§ **What you are asked to do**:
Set down, exactly and only, everything from the line containing "Get Free Shower" down to the line containing "dog drinking water from tap" in the data below; the pictures are not part of the copy.

§ **Data for analysis**:

····················

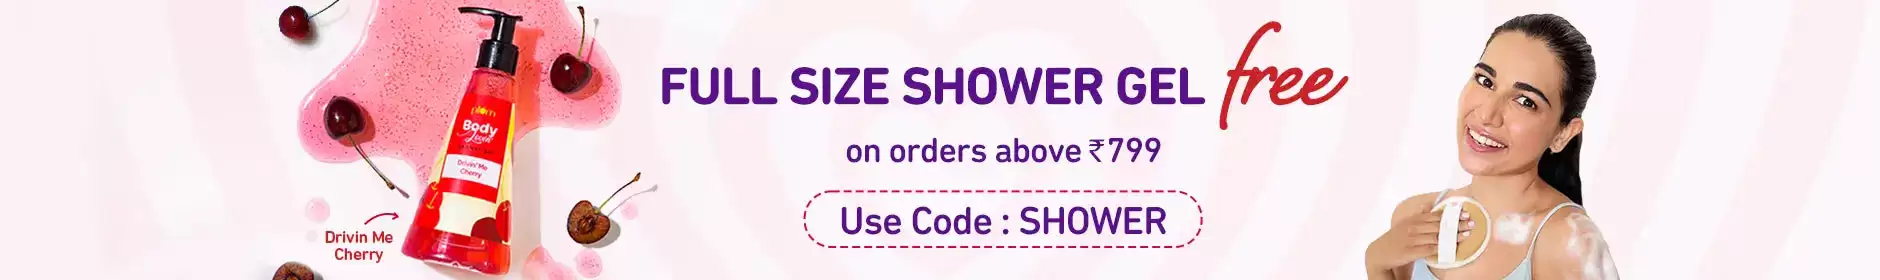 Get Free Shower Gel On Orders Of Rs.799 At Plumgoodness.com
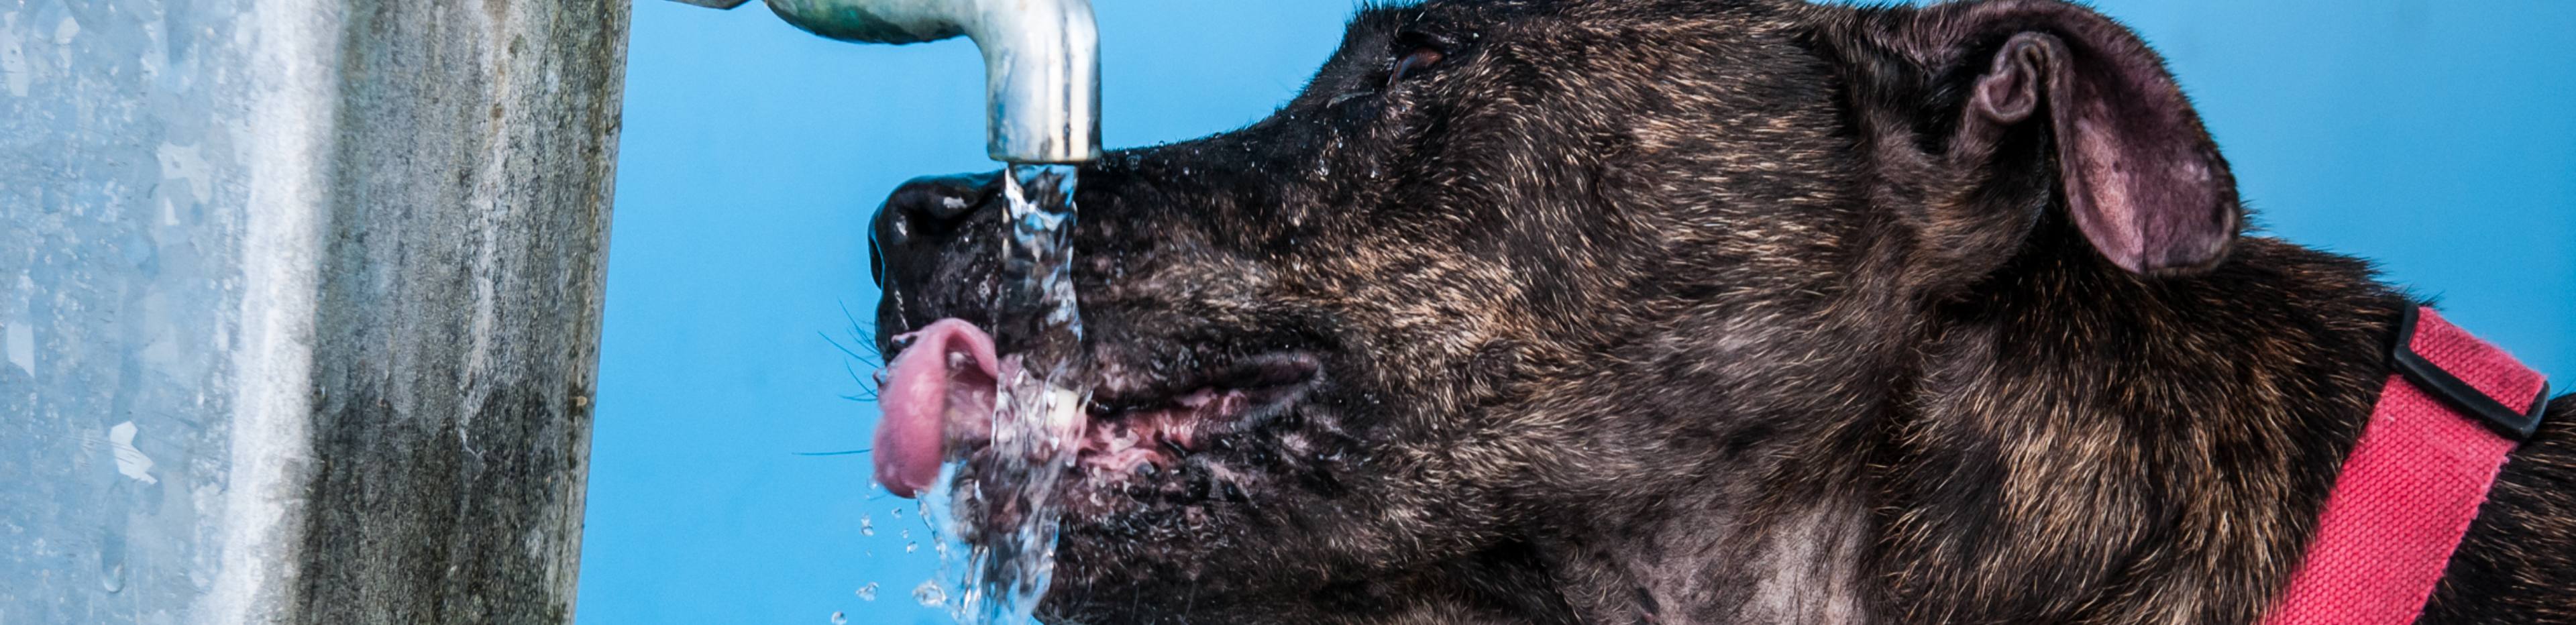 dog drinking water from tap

····················

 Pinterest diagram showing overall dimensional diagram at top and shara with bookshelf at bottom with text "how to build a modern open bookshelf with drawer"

····················

§ **Solution to this task**:
 Get Free Shower Gel On Orders Of Rs.799 At Plumgoodness.com
 dog drinking water from tap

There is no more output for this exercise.